(Originally posted 2003.Jun.30 Mon; links may have expired.)
One way of teaching, developed 2500 years ago by Socrates, is to ask questions and let the student work out the answers. In Theory Of Constraints by Eliyahu M. Goldratt, the author credits Socratic questions for the success of his previous book The Goal. In The Goal, a consultant helps the main character with advice in the form of questions. The reader follows the main character as he tries to come up answers to the questions; and, Goldratt says, the readers come up with the answers themselves a page or two before the main character does. (I know I did.)
Inventing their own answers motivated the readers to see if the main character came up with the same answers, and in many cases this excitement further motivated readers to apply the lesson of The Goal to their own factories.
Goldratt also talks about the stages of "science" - classification, correlation, and effect-cause-effect. In classification, we could observe that students learn things in various ways. In correlation, we could observe that some students learning via Socratic questions were more excited about their learning than others. In effect-cause-effect, we could theorize why this happens, and use the theory to make predictions which could be invalidated (or validated) by experiment.
Goldratt goes on to say that an experiment may not completely invalidate a theory, but may constrain it. For example, Newton's laws of motion are valid for speeds we see on Earth, but are constrained by other effects when the speeds are near the speed of light.
We can have a theory that Socratic questions can be effective, because someone inventing their own answers feels ownership and the excitement of invention. In some cases they've done a lot of work, and finding the answer is a big reward. However, we can also observe that Socratic questions often fail in practice... the students get irritated by that smug teacher who obviously knows the answers, but isn't giving them out. The resentment can be very strong. The questions can have responses like "Why are you asking us?" followed by arguments about motivations and agendas.

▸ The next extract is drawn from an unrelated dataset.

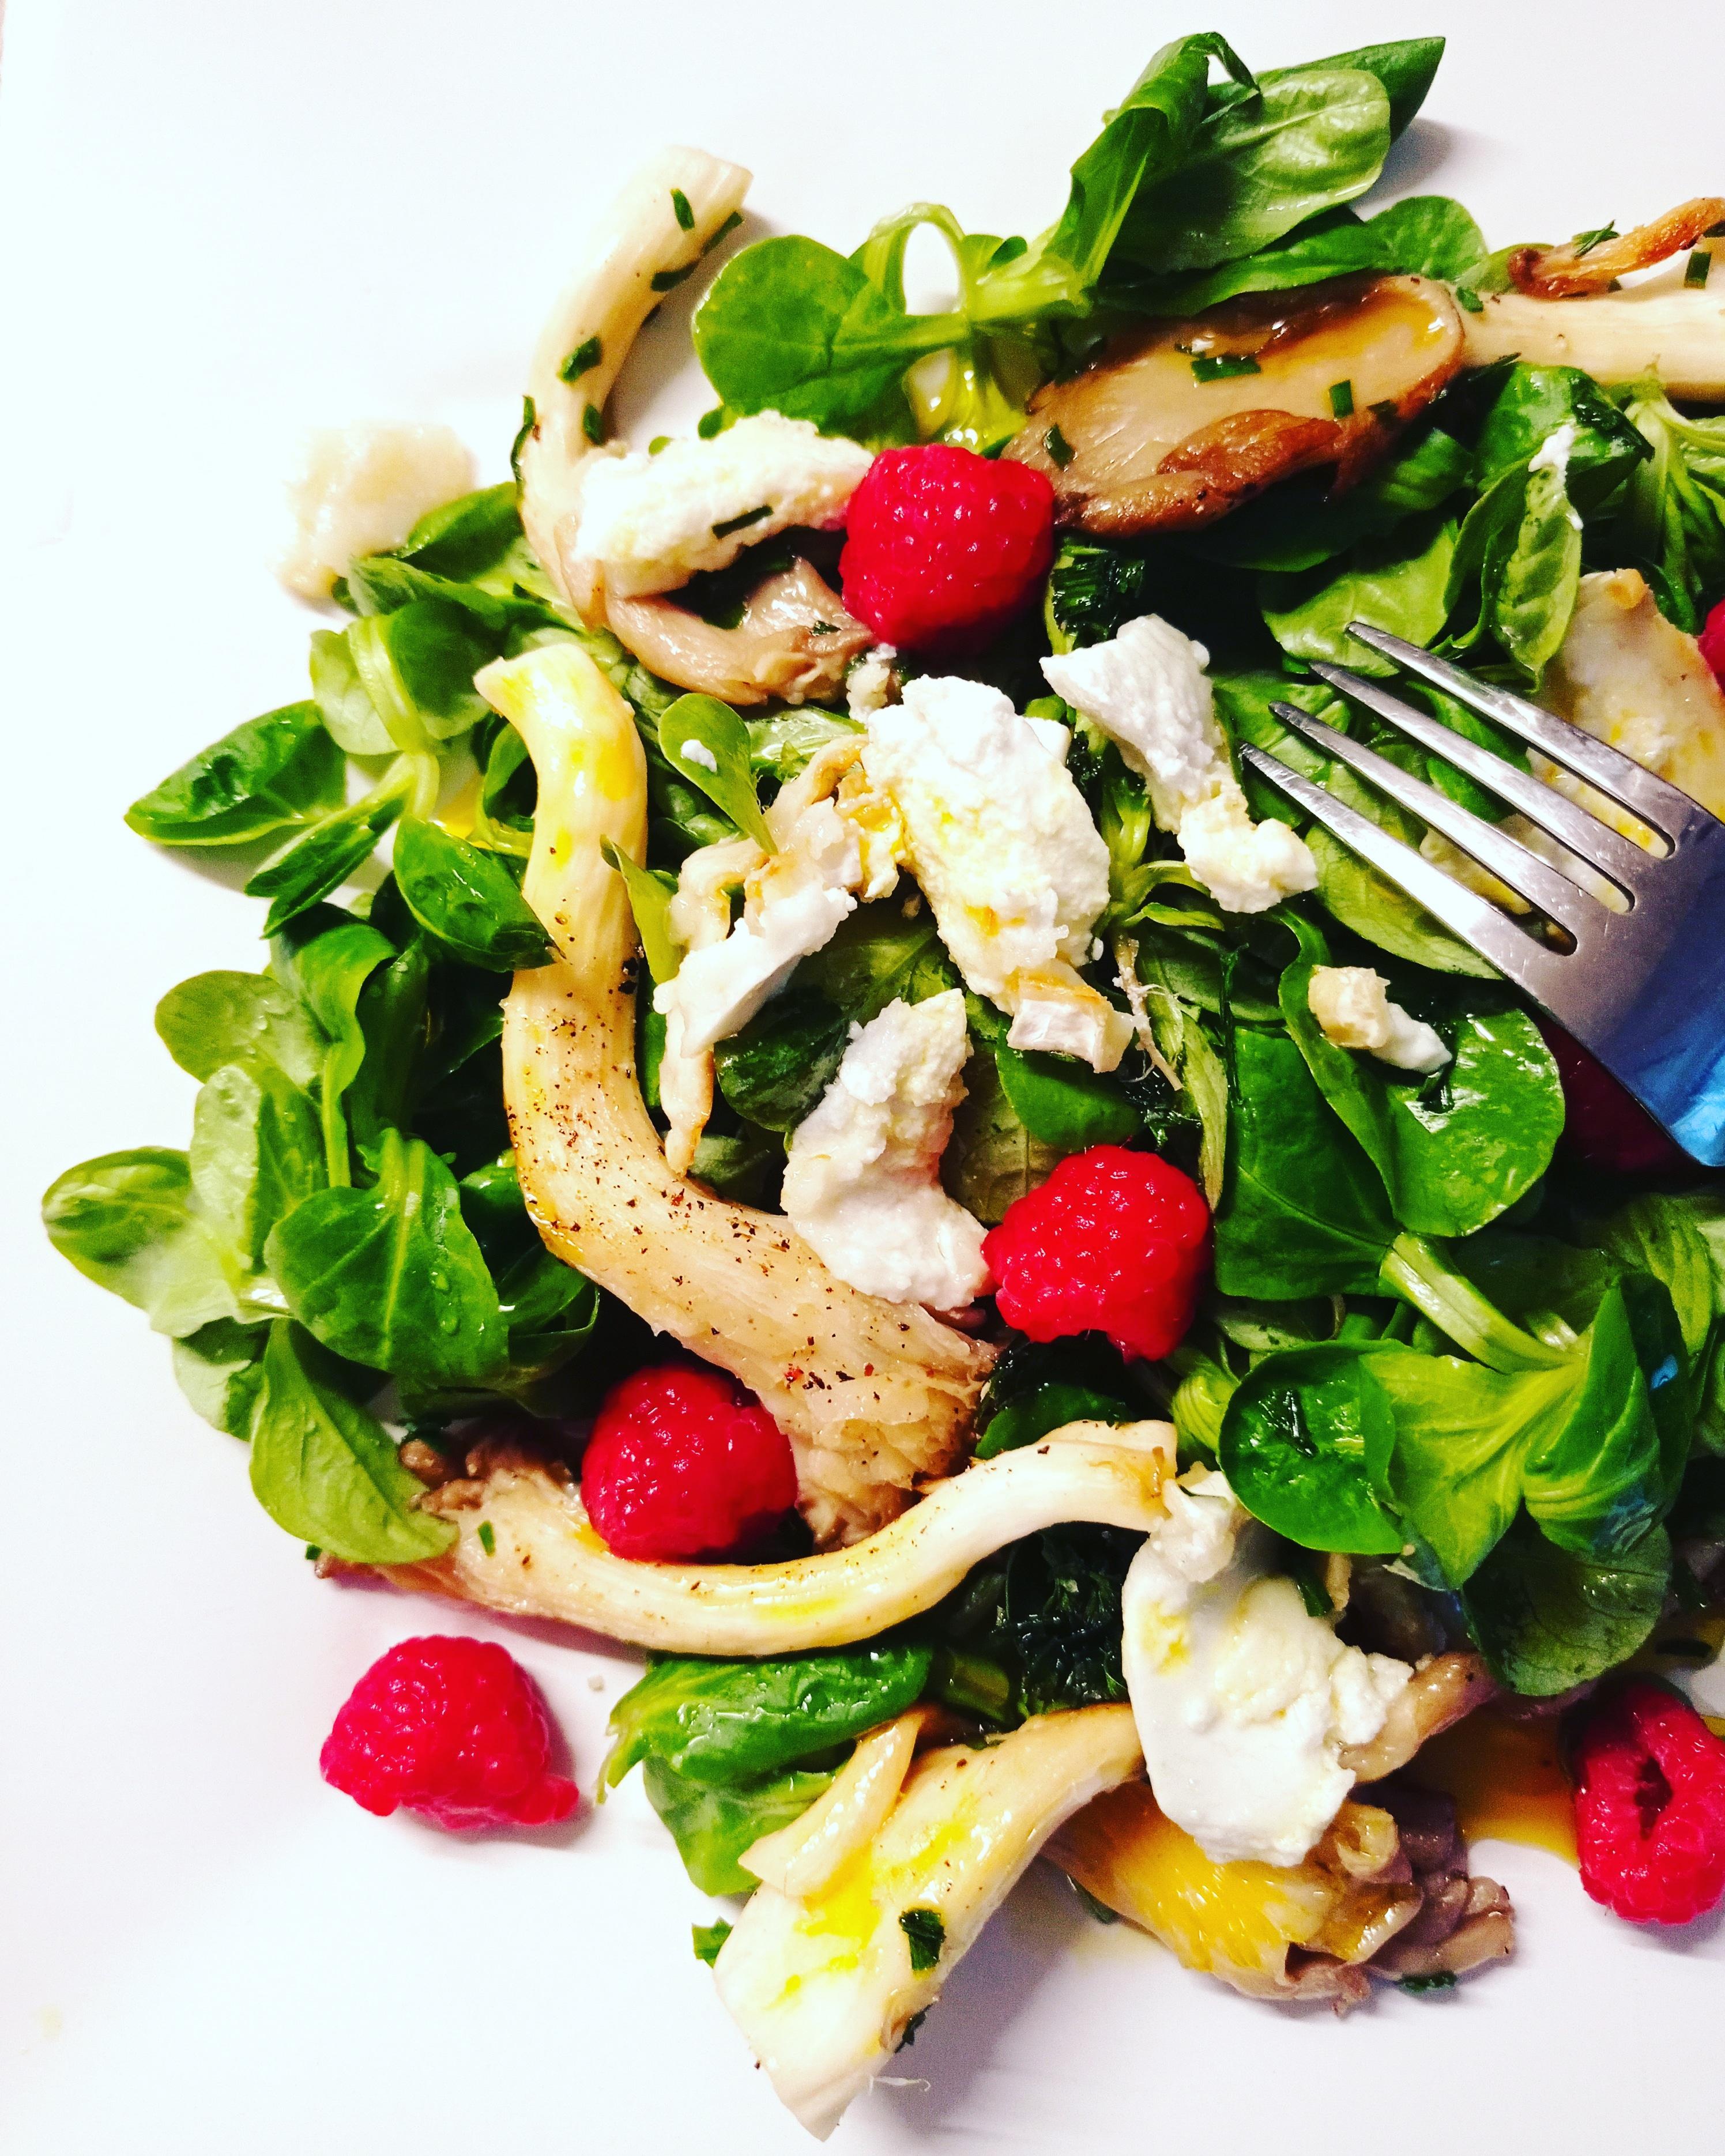 Salade de mâche aux champignons, vinaigrette aux framboises et chèvre chaud

Another style of teaching that also lets the students find their own answers is called "experiential learning." In a typical case, the teacher (or, as some preferred to be called, the facilitator), sets up a "simulation" where the students can try something out in a safe environment, followed by discussion. There's no initial question, just "try this out". In the discussion afterwards, the questions could be "What do you think about X after doing this exercise" or "What were you feeling?" These are non-threatening questions, and students don't feel that the teacher already knows the answer.
In the Agile Development Conference I just attended, some of the workshops used experiential learning. In XP Coaching workshop, facilitated by Ron Jeffries and William Wake, the exercise involved some people coaching other people doing origami (from an origami instruction manual). Some other workshops also involved simulation/practice and discussion.
Ron tells us that XP Immersions that he participates in are doing more experiential learning and less lecture. Instead of lecturing about pair programming, they have the students pair program, probably followed by discussion and reflection on what happened when they pair programmed. The whole point of many training courses is to just get the students to do reflection and discussion - and this is the point of Retrospectives... enabling learning in the organization and team.
Think about learning some skill or getting answers to some of your harder problems, not necessarily a problem with technology; in your own experience, when someone told you the answer to a problem or question, did you value it as much as when you came up with the answer yourself, or practiced the skill by yourself?